The Amistad insurgents are ultimately represented by Roger Baldwin (Matthew McConaughey), a real estate lawyer who argues that the case is really about property rights and little else. The prosecution is led by the nauseating Holabird (Pete Postlethwaite), in close collaboration with John Forsythe (David Paymer), the Secretary of State, Isabelle, the young queen of Spain (Anna Paquin) and the Spanish ambassador. President Martin Van Buren (Nigel Hawthorne) cares only about his re-election campaign, and is intimidated by John Calhoun, the famous Southern advocate for the continuance of slavery, with the promise of civil war unless Van Buren can guarantee that the Africans are found guilty. So, Van Buren oversteps his boundaries and replaces the judge and dismisses the jury. And eventually he will send the case to the Supreme Court, where seven of the justices are in fact slaveholders.

Baldwin asserts himself well, but it ultimately falls to former President John Quincy Adams (Anthony Hopkins) to deliver a stirring speech to the Supreme Court about why Cinque and the others deserve their freedom, invoking the American Revolution and the ideals his father and the other founders fought for. This is some of Hopkins's finest acting, and he earned an Oscar nomination. Adams is old and sickly (he would die nine years later, at the age of 81), but still commands respect and gets involved only after Baldwin more or less begs for his assistance. One can assume Adams gets involved also because he doesn't like Van Buren all that much, and wants to draw attention to his abuse of executive power.

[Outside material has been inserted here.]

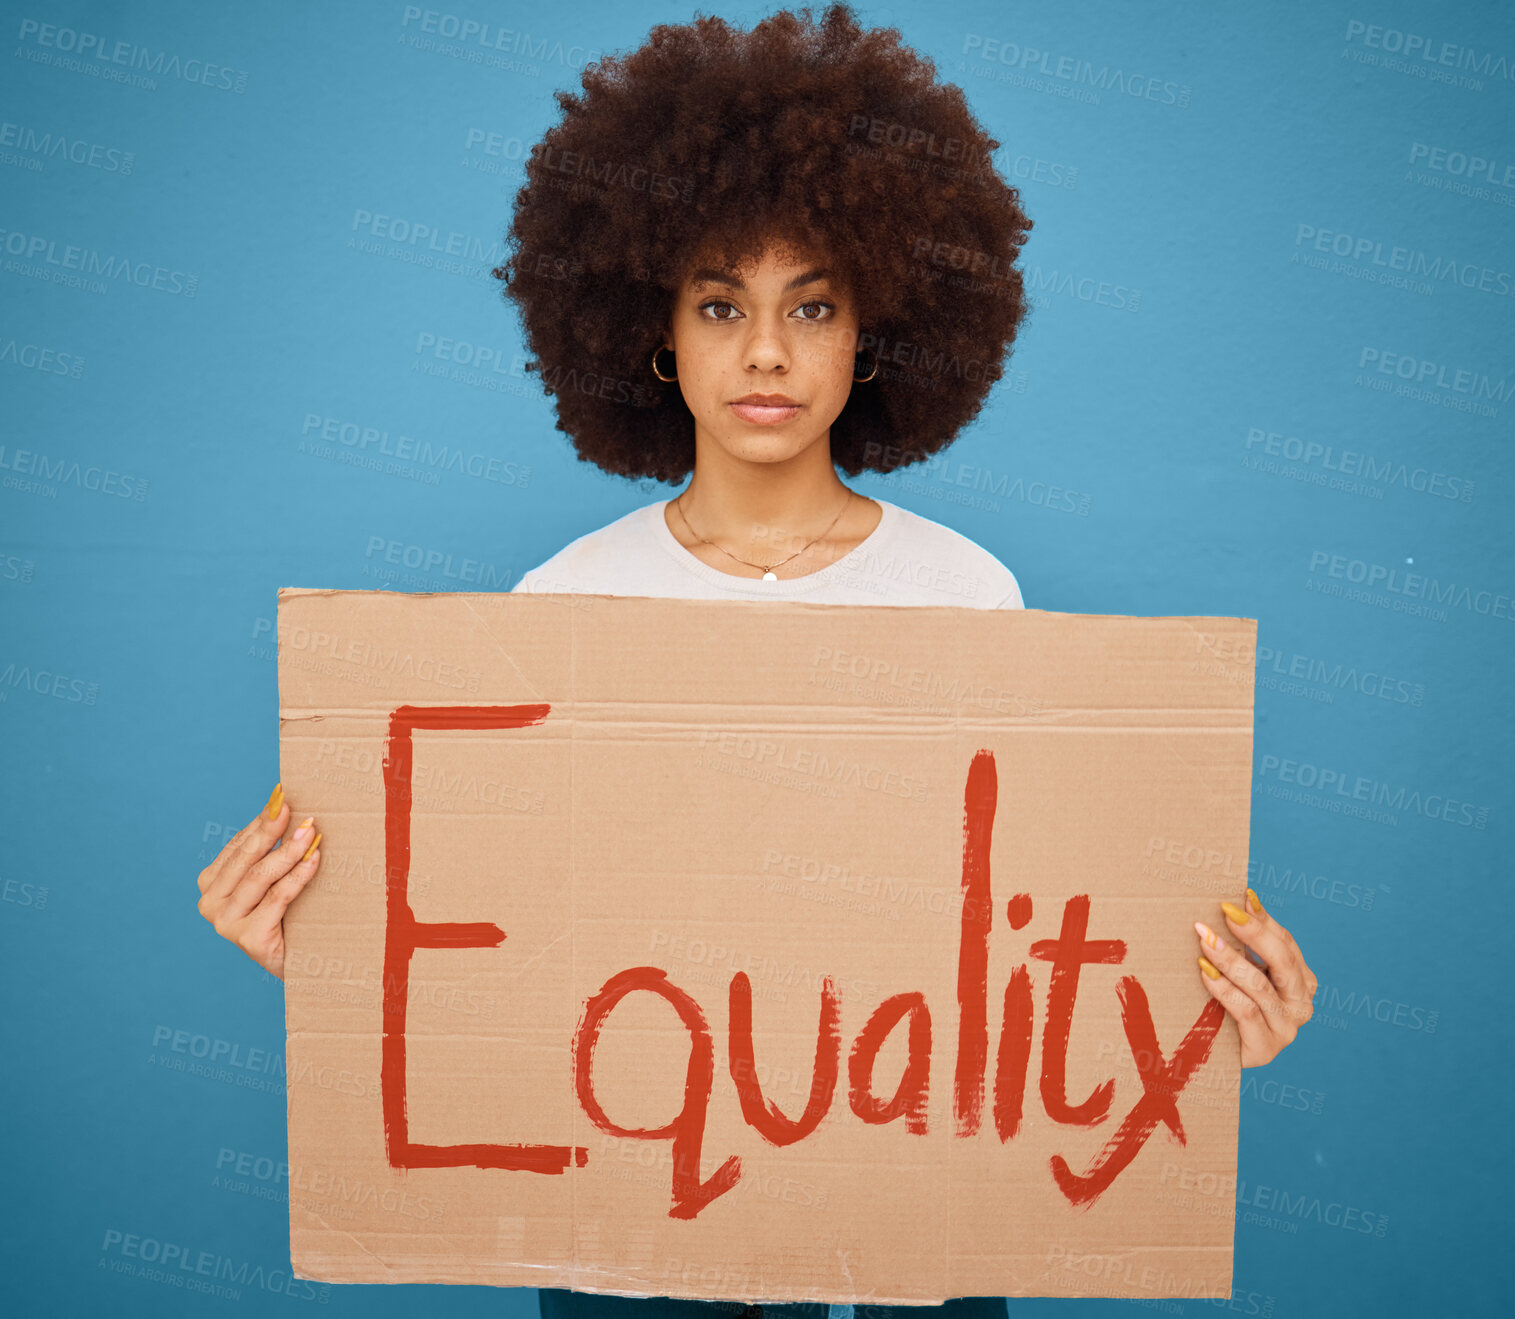 Buy stock photo Equality, protest banner and black woman in studio holding sign for empowerment, change and feminism. Equal rights, poster and female protesting for human rights, racial discrimination and freedom.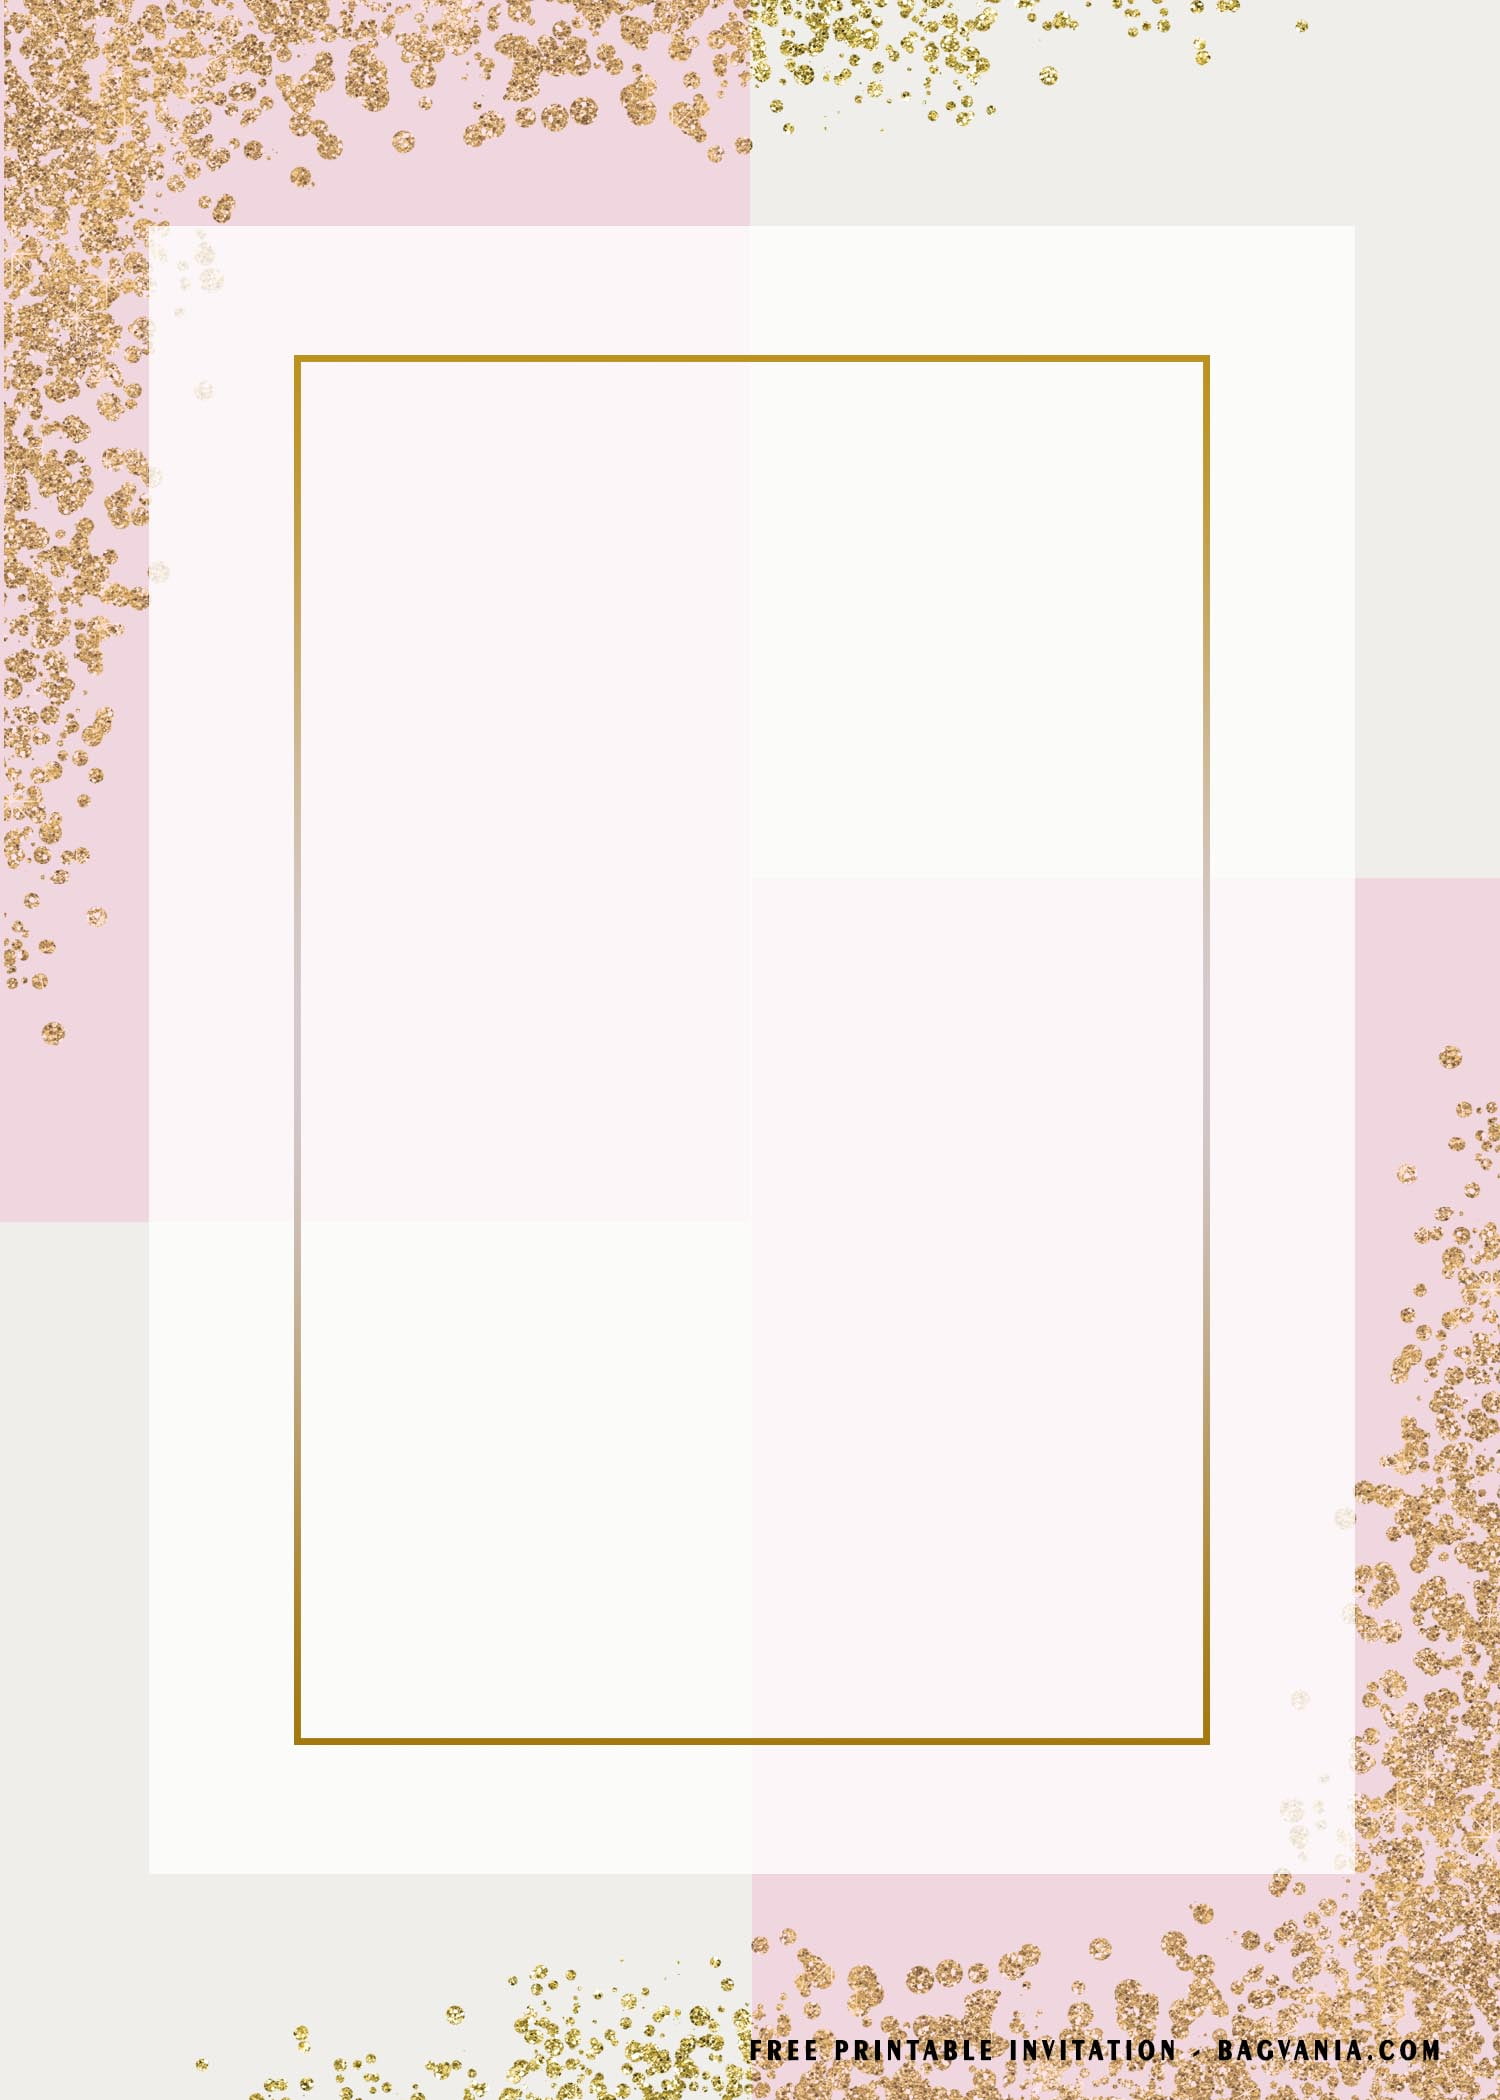 FREE Printable) – Blank Rectangle Birthday Invitation Templates Intended For Blank Templates For Invitations

The film also shows the sad reality of ordinary Africans like Cinque being kidnapped by members of rival tribes and sold to European traders, who give them guns and other such items in exchange. Holabird argues that slavery is not necessarily that immoral; if Africans practice it, why then shouldn't the United States? Cinque has a wife and child back in Sierra Leone, we see them briefly in a flashback, and that is about all we know about his life. Cinque learns a little English while in prison and begins to notice the apparent contradictions in Western law.

The Morgan Freeman character is not that important, and doesn't get a whole lot of screen time. He is much like Frederick Douglass, has witnessed the horrors of slavery firsthand, and now enjoys a rather prosperous existence, and is deeply saddened by his inability to connect with men who are so very much like him. McConaughey gives us the same kind of attorney he offered in A Time to Kill, but a bit more polished and more clever with words, though it falls to Hopkins to deliver that all-important speech that will change everyone's minds. Hawthorne effectively presents Van Buren as a man who is both spineless and easily manipulated. The film needs only to show slavery, the images will speak for themselves, and indeed they do.

But one is left with a feeling of regret, that this victory, while certainly an unlikely triumph did practically nothing to stop the practice of slavery in the United States, it would take a very bloody civil war for that heinous institution to finally come to an end, several decades after it was abolished by the British and the French.